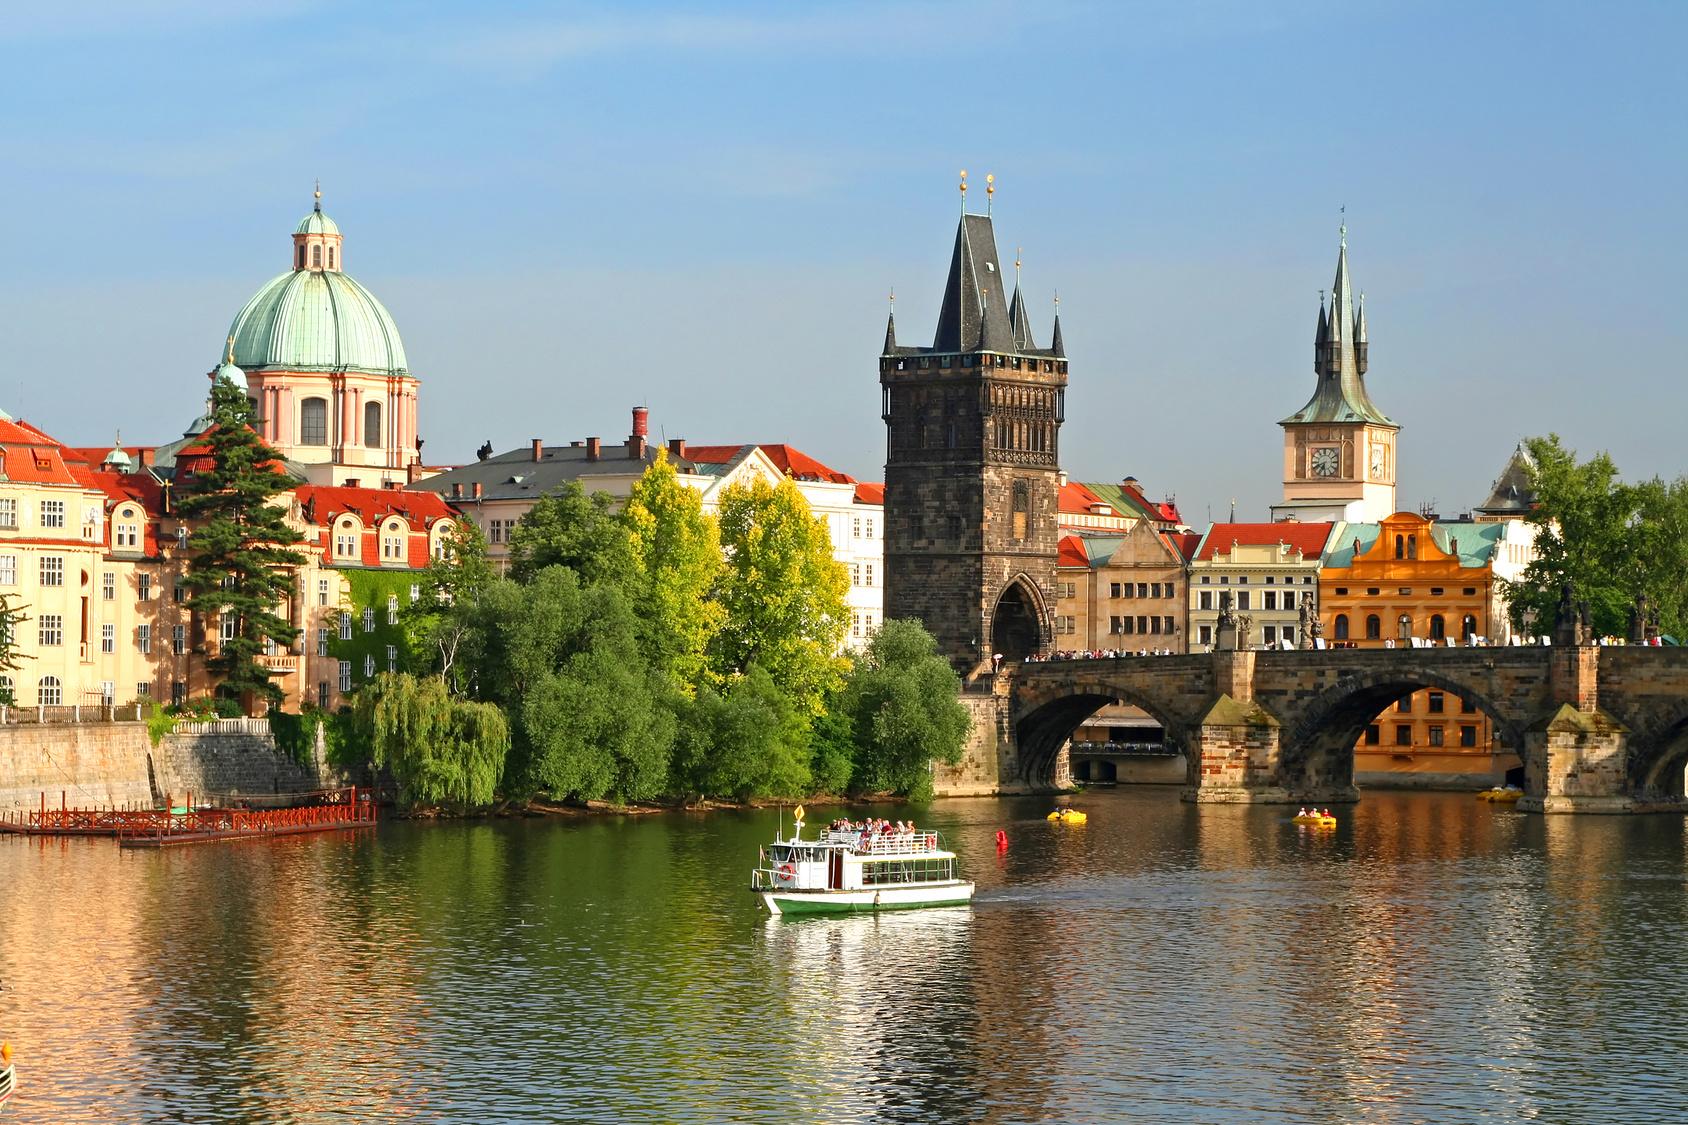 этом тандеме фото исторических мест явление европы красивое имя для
◆ ◆ ◆ ◆ ◆
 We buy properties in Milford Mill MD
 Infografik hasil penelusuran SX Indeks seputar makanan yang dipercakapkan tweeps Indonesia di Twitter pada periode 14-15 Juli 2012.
◆ ◆ ◆ ◆ ◆
Task requirements — Once the line with "We buy properties in Milford Mill MD" is found in the records above, print exactly that line and every line after it through the line with "Infografik hasil penelusuran".

Result below —
 We buy properties in Milford Mill MD
 Infografik hasil penelusuran SX Indeks seputar makanan yang dipercakapkan tweeps Indonesia di Twitter pada periode 14-15 Juli 2012.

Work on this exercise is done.